Chief Justice of Missouri
- In office July 1, 2007 – June 30, 2009
- Preceded by: Michael A. Wolff
- Succeeded by: William Ray Price Jr.

Judge of the Supreme Court of Missouri
- In office March 7, 2001 – March 8, 2021
- Appointed by: Bob Holden
- Preceded by: Ann K. Covington
- Succeeded by: Robin Ransom

Personal details
- Born: October 30, 1953 (age 72) St. Louis, Missouri, U.S.
- Spouse: Donald G. Scott
- Relatives: Kate Stith (sister)
- Alma mater: Tufts University Georgetown University Law Center

= Laura Denvir Stith =

American judge (born 1953)

Laura Denvir Stith (born October 30, 1953) is a former judge of the Supreme Court of Missouri. She served from 2001 to 2021. She was elected by her fellow Supreme Court justices to serve a two-year term as Chief Justice, from July 1, 2007, to June 30, 2009, becoming the second woman to serve as Missouri's highest-ranking jurist.
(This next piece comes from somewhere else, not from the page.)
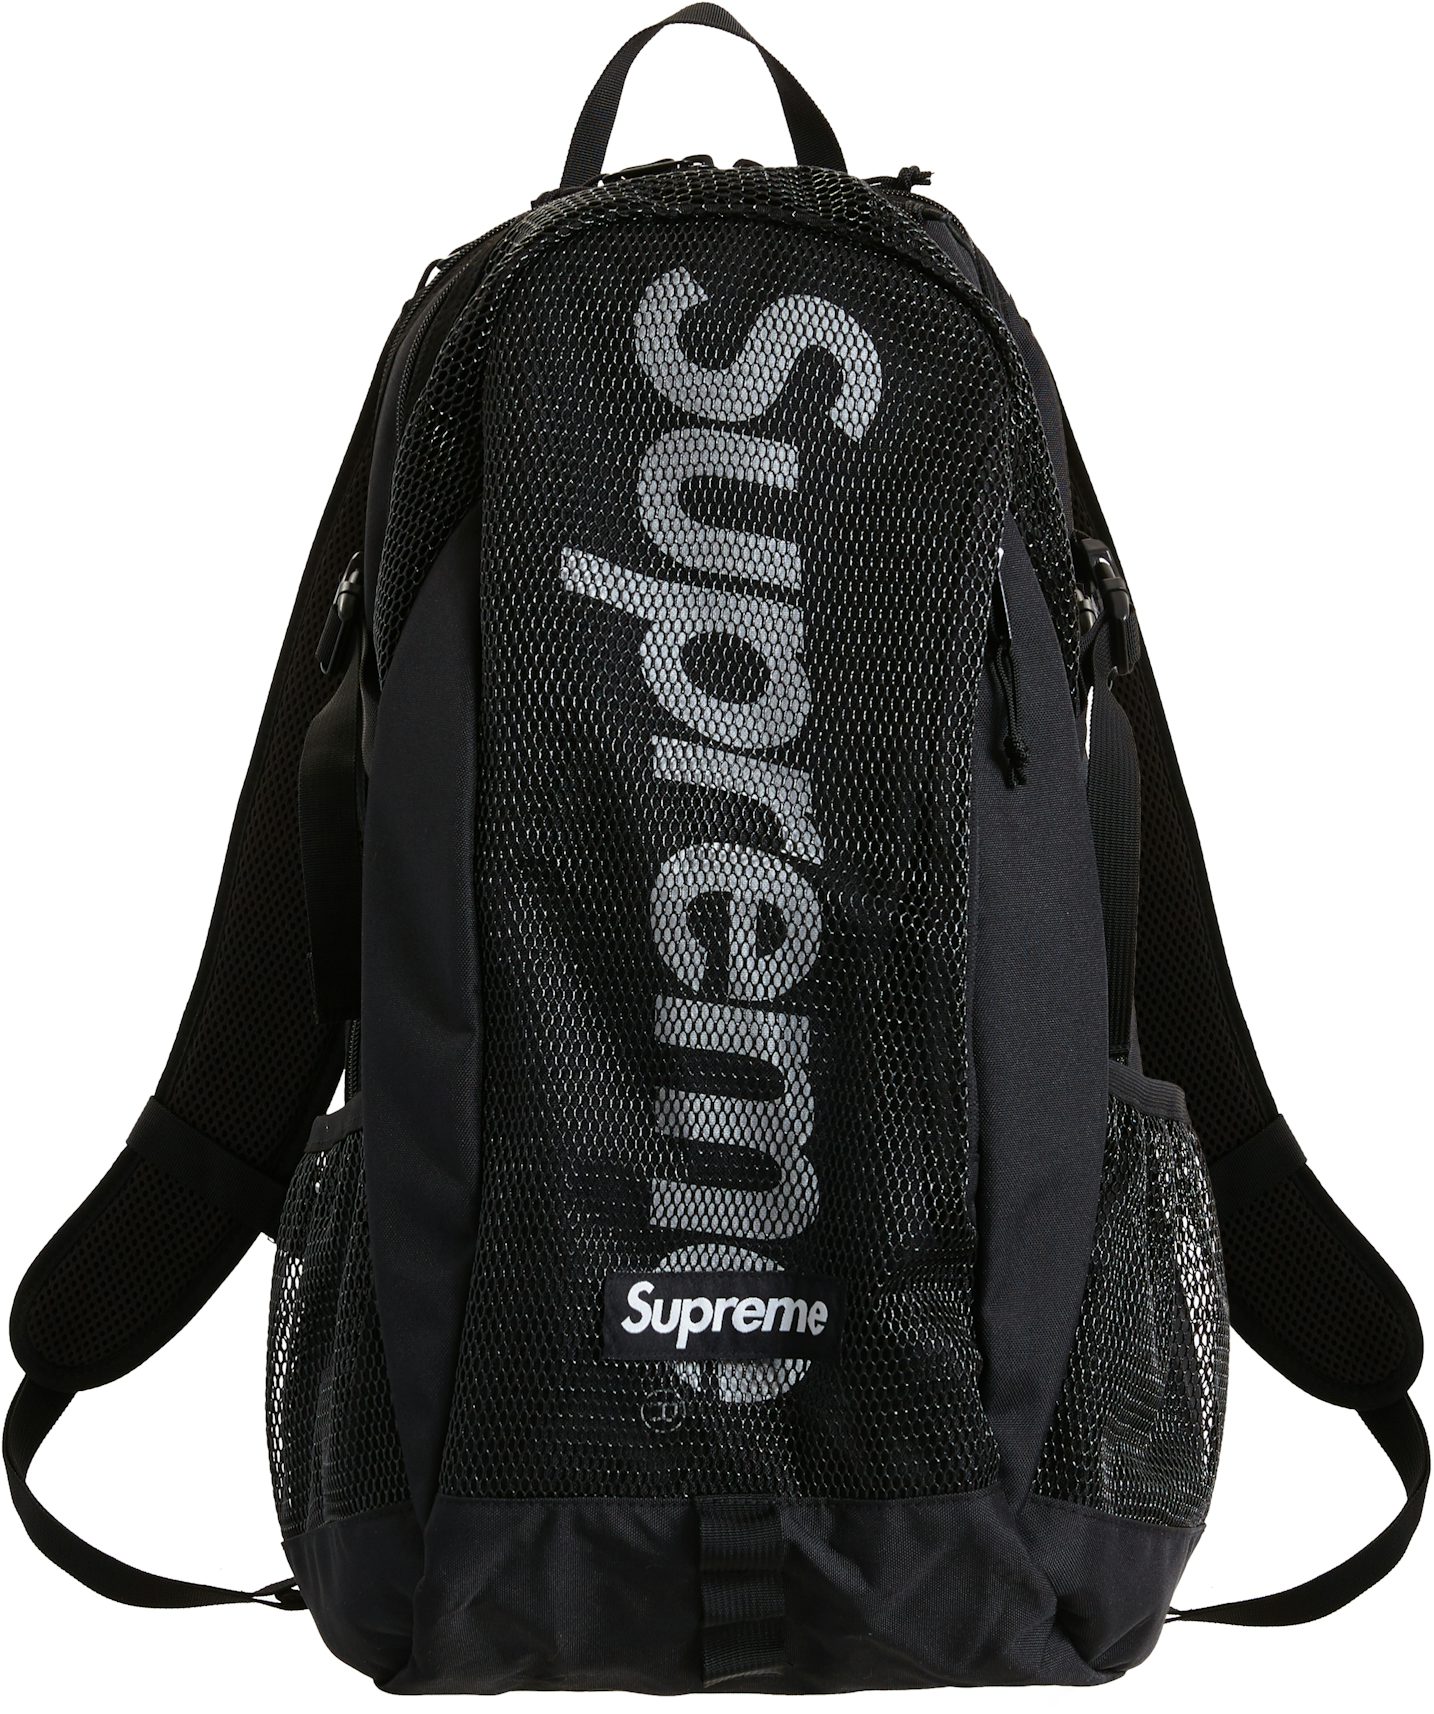 louis vuitton supreme backpacks

Stith graduated in 1971 from John Burroughs School, a private school in metro St. Louis, Missouri. Four years later, she graduated magna cum laude from Jackson College for Women (now part of Tufts University), and then from Georgetown University Law Center in 1978. Stith served as a law clerk for Chief Justice Robert Seiler of the Missouri Supreme Court and then entered private practice in Kansas City, Missouri. She served on the Missouri Court of Appeals, Western District, from 1994 to 2000. On March 7, 2001, then-Governor Bob Holden appointed her to the Supreme Court of Missouri, and she was retained by a vote of the people at the November 2002 election. On February 2, 2021, she announced her retirement effective March 8, 2021.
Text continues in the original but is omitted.